Monthly Archives: July 2019

It’s Been a Year

EilBethCB_Pre_Bikes2As usual, Cookie, Tiger, and I did the Bike MS Tour de Farms ride – June 22, 2019

And I’m still fundraising, but we’ll get to that later.

The fact that it’s taken me this long to blog about the ride this year is a testament to how wacky the last few months have been. There were times I wasn’t completely sure I was going to ride. We had some health issues in the family starting around February, so training was a greater challenge than it sometimes is. And then there was…

GLOBAL CLIMATE CHANGE

Okay, that’s been going on for a while no matter what the Big Oil Companies want to you to believe. I refer you to Bill McKibben’s scary book Falter: Has the Human Game Begun to Play Itself Out?

I know there are people in way worse shape than our family, but here’s how it hit us: This past May was the wettest in Chicago’s recorded history.

So there wasn’t much decent riding weather, which interfered with our training regimens.

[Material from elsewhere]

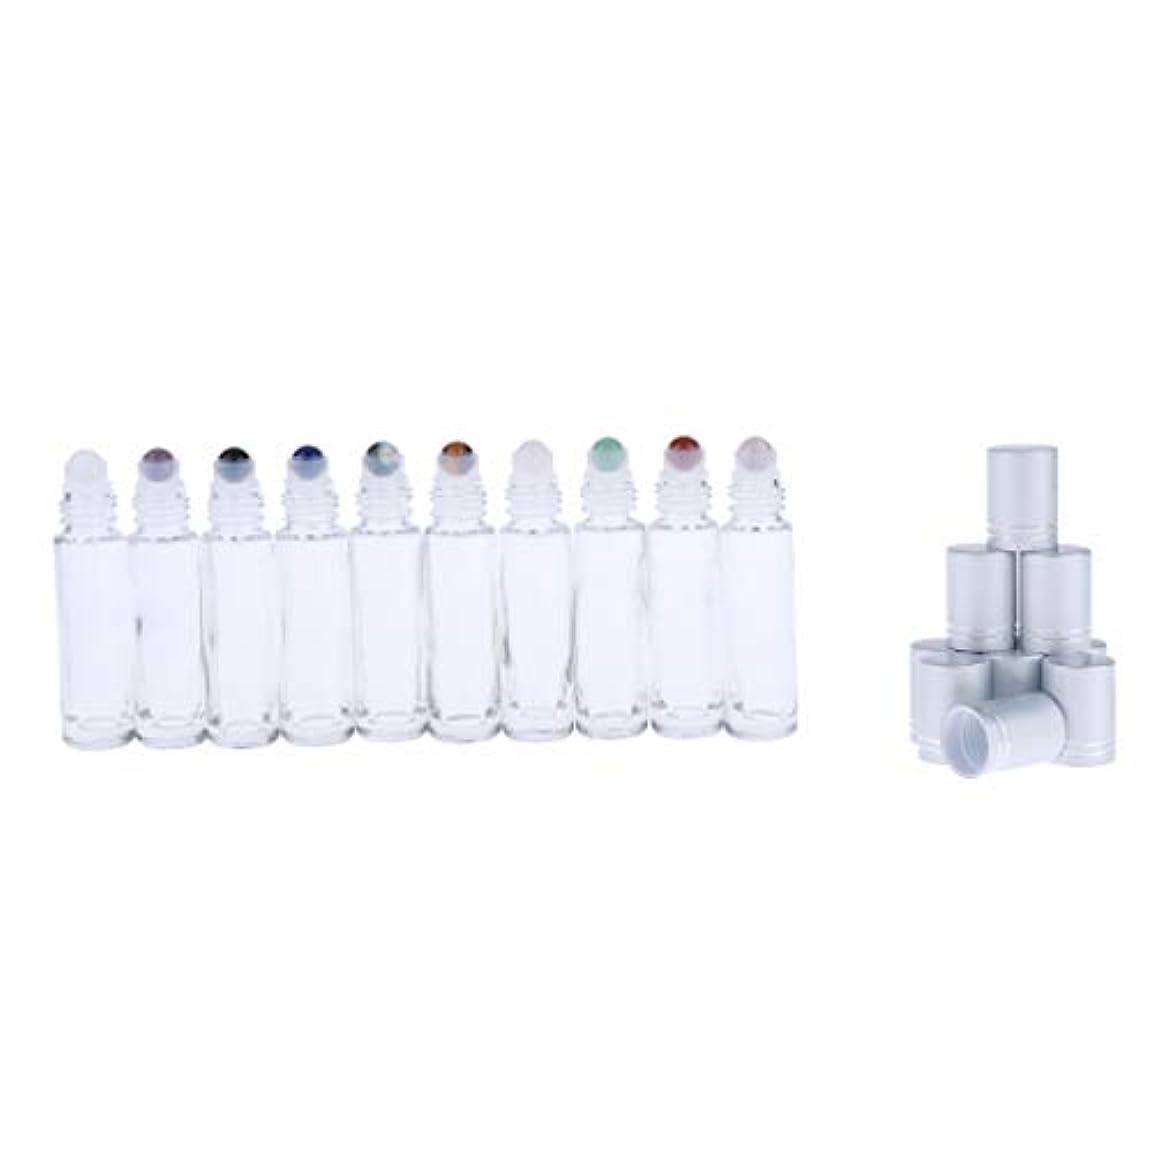 ニッケル少年今後sharprepublic 10個 ロールオンボトル ガラスボトル 精油 香水やアロマの保存 詰替え 小分け用 10ml

The weather also meant that our yard (where the drainage has never been terrific) has pretty much been a wetland all spring and summer.

Deck
There’s been a lovely moat all around the deck

So in addition to trying to finish the novel I started in 2016, and dealing with the aforementioned health issues, we also had to find a solution to the standing water before the disease-bearing mosquitoes decided to make our yard their refuge.

(Talk to me later if you want to hear the horror stories about the neighbor who decided that somehow we caused the drainage issues and was threatening to sue us.)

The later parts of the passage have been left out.